I say we market what we have for real and get the most hard-core world-changers we can. No one needs self-absorbed “what’s in it for me” types right now.  I’m not falling for the idea that these people are part of any solution.

This ain’t no disco.

We need that piece of the 20-something puzzle that wants more.  They’ve already done the research and they know that PR efforts to market the great outdoors and low rent is a weak sales pitch.  I’m betting we are on the edge of a different attraction…..the nation has suffered several years now of throwing off the costumes of wealth and easy money, sexy start-ups and Internet-driven marketing schemes.  McMansions, gargantuan gas-guzzling vehicles, and extravagant parties are dwindling and even a source of embarrassment.  We see more clearly what that all was, how false and how wasteful.  No one wants to churn that back up, they want to build on what’s real.

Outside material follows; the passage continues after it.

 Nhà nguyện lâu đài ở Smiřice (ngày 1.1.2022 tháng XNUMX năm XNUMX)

This ain’t no foolin’ around.

I’m not sure what is more real than the opportunity to turn away from “all for me” and turn towards “all for the world.”  Our world of Appalachia is in peril, and that is nothing new, but what may be new is the chance to harness global concern about our local issues to attract the right young people who will change the future of this state and consequently the world.

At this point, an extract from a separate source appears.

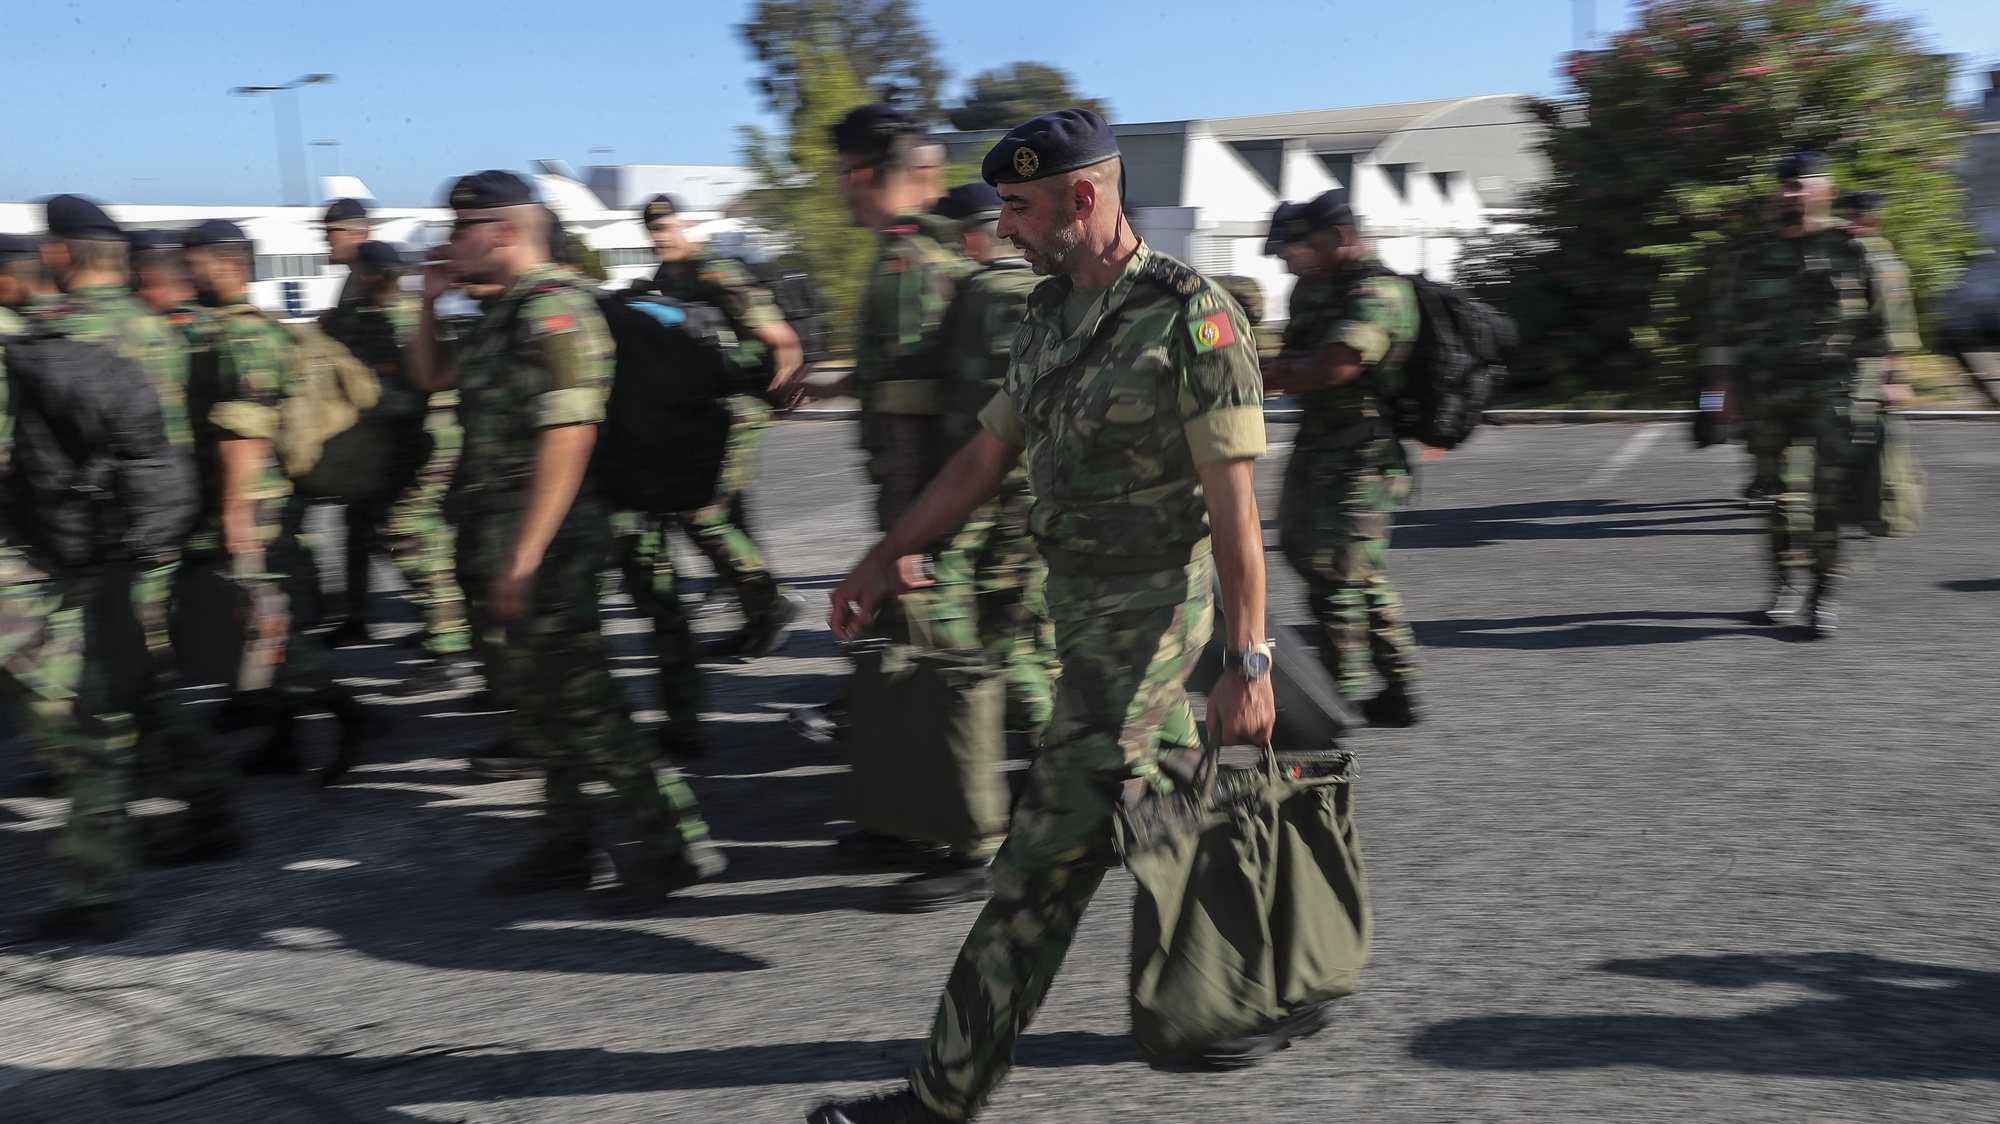 A Força de Fuzileiros, composta por 146 militares da Marinha Portuguesa, regressa da Lituânia, após três meses de missão no quadro das medidas de tranquilização da NATO para o flanco leste da Aliança, cerimónia de receção aos militares portugueses presidida pelo chefe do Estado-Maior da Armada, almirante Henrique Gouveia e Melo (ausente da fotografia), em Figo Maduro, Lisboa, 29 de agosto de 2022. MIGUEL A. LOPES/LUSA

Life is short.  There are people out there who want to tell the stories of their youth as grand adventures in engaging serious problems with  their whole hearts. These are not the same people who want to tell stories of bar-hopping and overspending and trips to casinos.  These are people who are modern journalists and water quality scientists and child advocates.  They are health care specialists and teachers and professors.  They are small business entrepreneurs and artists and historians and contractors.  They are responsible natural resource leaders and sustainability experts.  Despite popular belief, they are lawyers too.  They are Democrats, Republicans, and Independents.

They know right from wrong, they know giving from taking, and yes, they are 20-somethings.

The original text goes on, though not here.